An initial probe into deadly suicide bomb attacks in Sri Lanka that killed more than 300 people shows it was “retaliation for Christchurch,” the country’s deputy defense minister said Tuesday.

“The preliminary investigations have revealed that what happened in Sri Lanka (on Sunday) was in retaliation for the attack against Muslims in Christchurch,” state minister of defense Ruwan Wijewardene told parliament.

According to the Guardian, one of the suspects in the bombings uploaded “extremist content” to social media in the wake of the March attacks in New Zealand. However, terror experts told the newspaper that the Sri Lanka attacks would have taken months of planning.

Wijewardene said investigations showed that a local group called National Thowheeth Jama’ath (NTJ) was behind the attack and was linked to a little-known radical Islamist group in India.

“This National Thowheeth Jama’ath group which carried out the attacks had close links with JMI it has now been revealed,” Wijewardene told parliament, in an apparent reference to a group known as Jamaat-ul-Mujahideen India.

Residents pay respects by placing flowers for the victims of the mosques attacks at the Botanical Garden in Christchurch on March 16, 2019. (TESSA BURROWS / AFP)

Fifty people were killed in shooting attacks on two mosques in the New Zealand city of Christchurch on March 15.

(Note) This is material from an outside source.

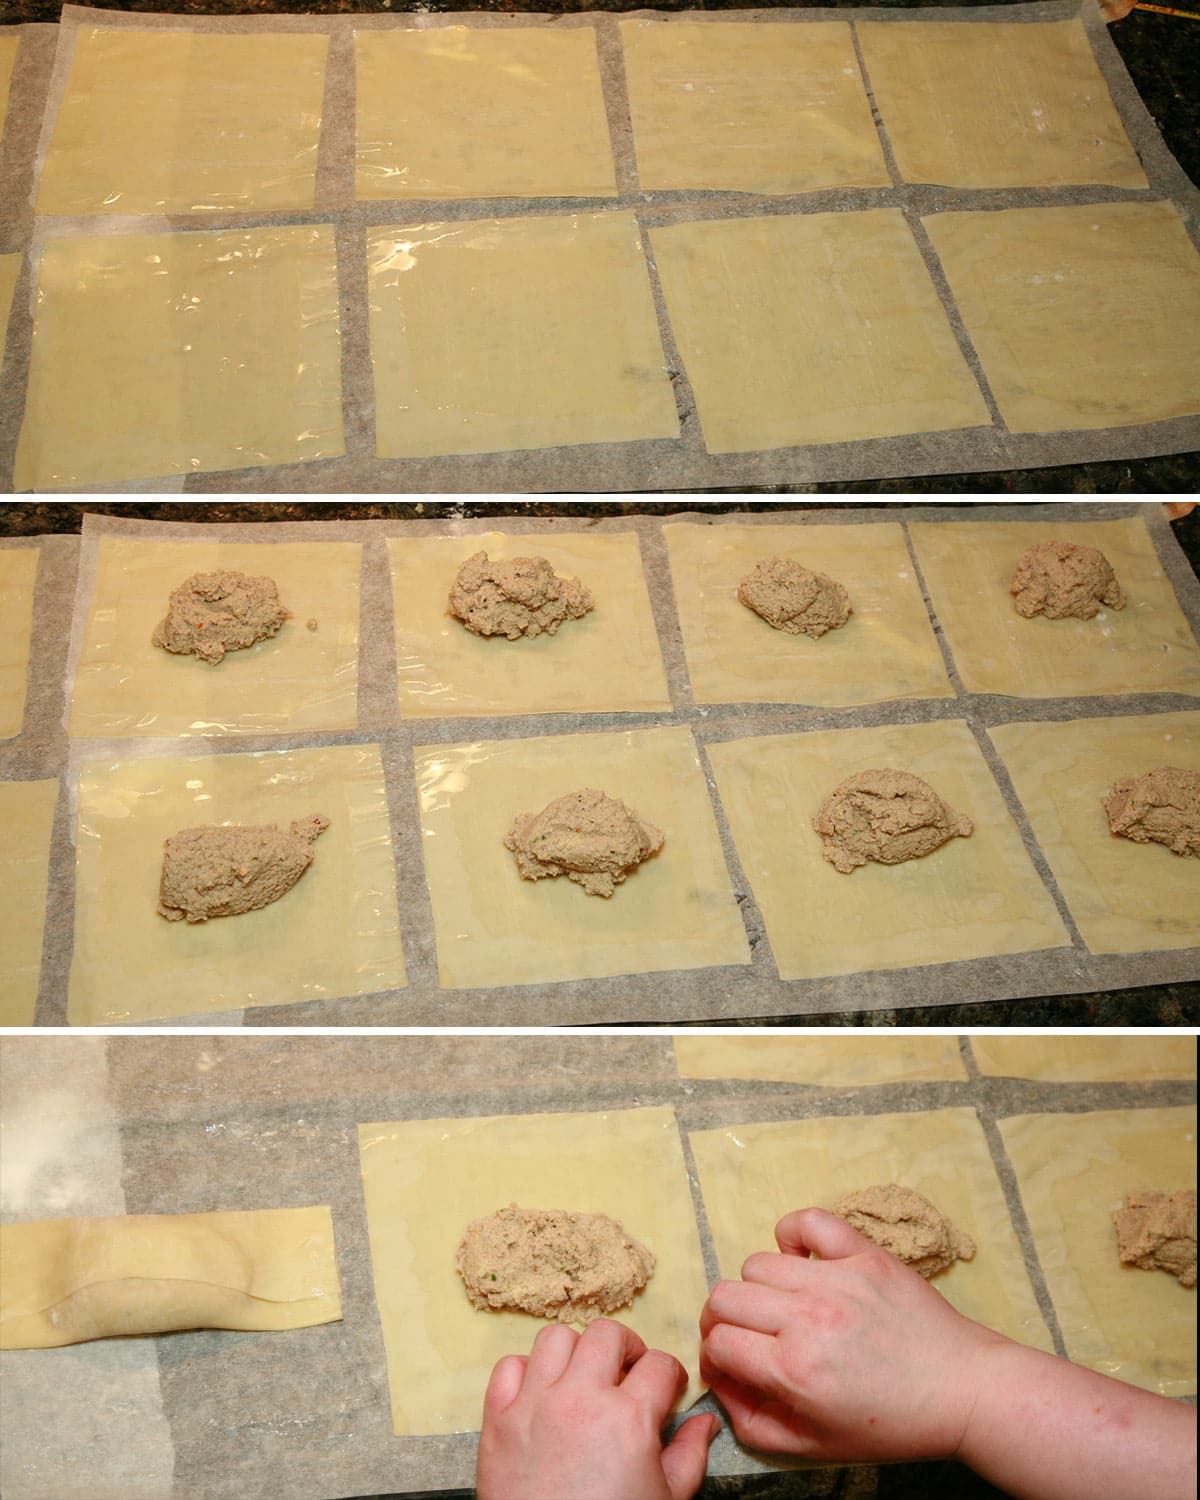 A compilation of 3 images, demonstrating brushing the wrappers, placing the filling, and starting to fold the wrappers.

Australian Brenton Harrison Tarrant, 28, has been charged with murder in the Christchurch attacks. In a rambling “manifesto,” the gunman had said he was motivated partly by a desire to stoke a violent response from Muslims and a religious war between Islam and the West.

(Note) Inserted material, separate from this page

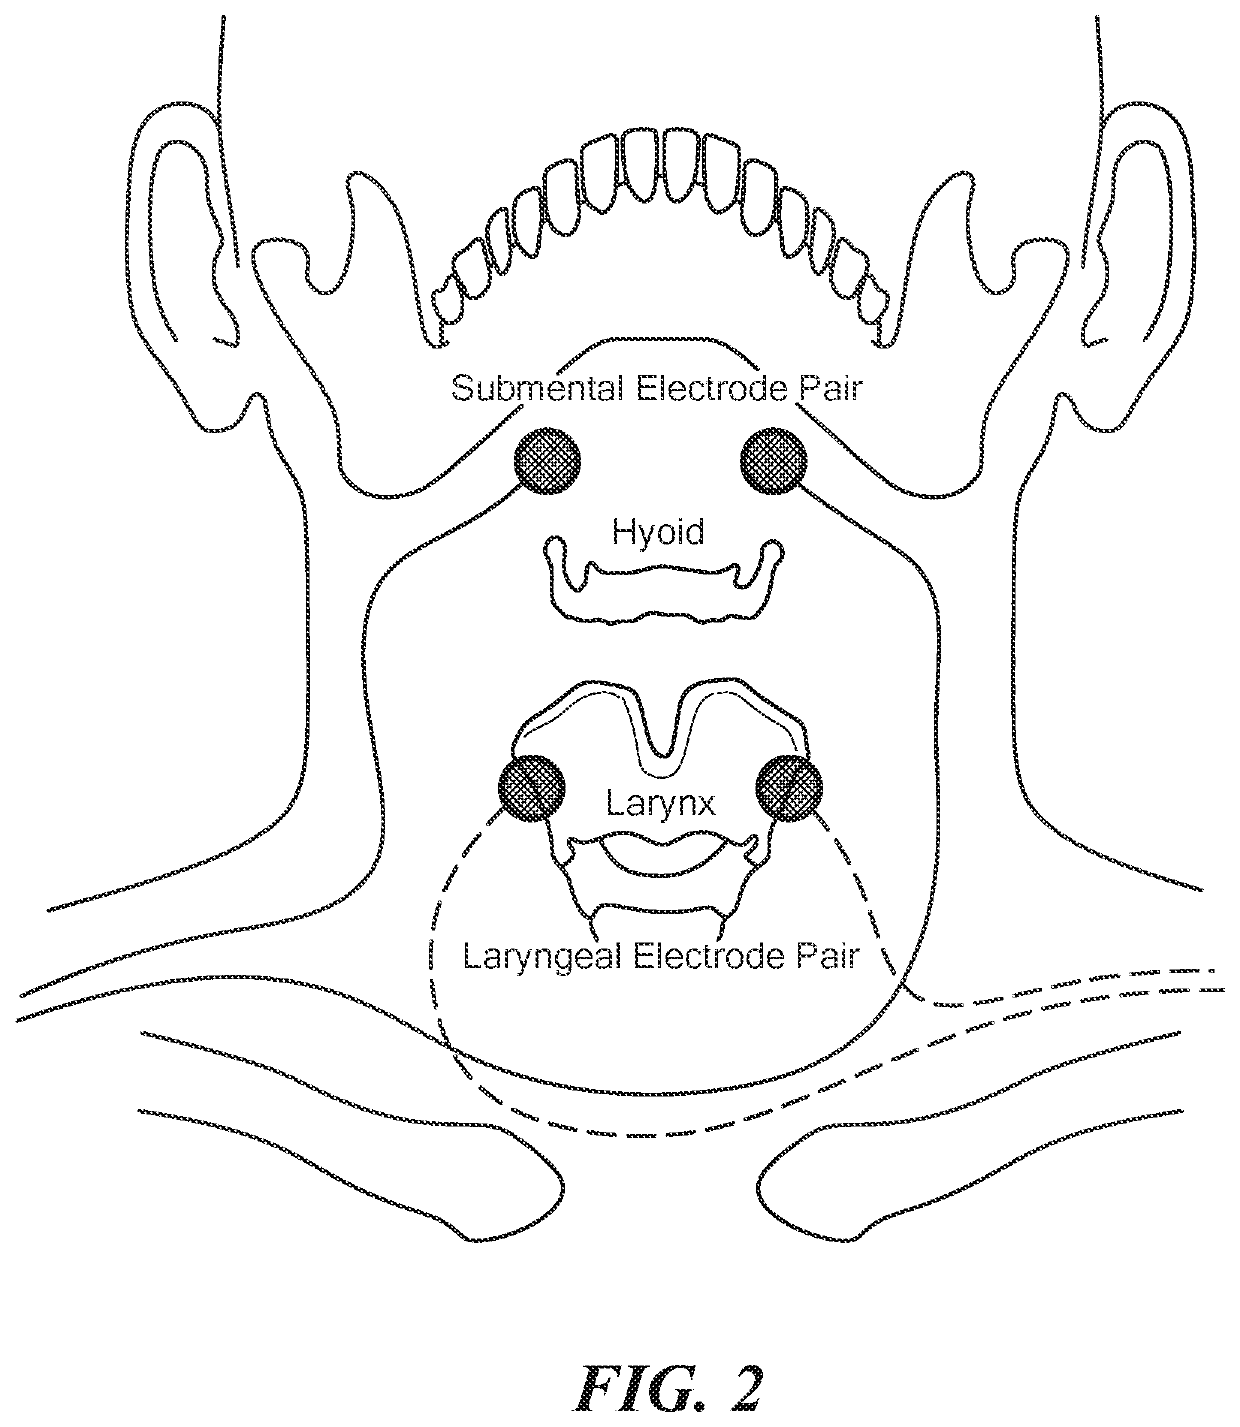 Eliciting Swallowing using Electrical Stimulation Applied via Surface Electrodes

Security camera footage released late Monday showed a suspected suicide bomber entering a church in Sri Lanka’s Negombo with a backpack moments before the blast rocked the building, killing throngs of Easter worshipers inside.

As a state of emergency took effect Tuesday giving the Sri Lankan military wartime powers, police had arrested 40 suspects, reportedly including one Syrian national and the driver of a van allegedly used by suicide bombers involved in the deadly bombings, as well as the owner of a house where some of them lived, officials said.

Security personnel stand guard outside St. Anthony’s Shrine in Colombo on April 22, 2019, a day after the church was hit in a series of bomb blasts targeting churches and luxury hotels in Sri Lanka. (Jewel SAMAD / AFP)

The death toll from Sunday’s attacks rose to 310, police spokesman Ruwan Gunasekara said.

On Tuesday, which President Maithripala Sirisena declared a day of mourning, Sri Lankan authorities planned to brief foreign diplomats and receive assistance from the FBI and other foreign intelligence-gathering agencies after officials disclosed Monday that warnings had been received weeks ago of the possibility of an attack by the radical Muslim group blamed for the bloodshed.

The six near-simultaneous attacks on three churches and three luxury hotels and three related blasts later Sunday were the South Asian island nation’s deadliest violence in a decade.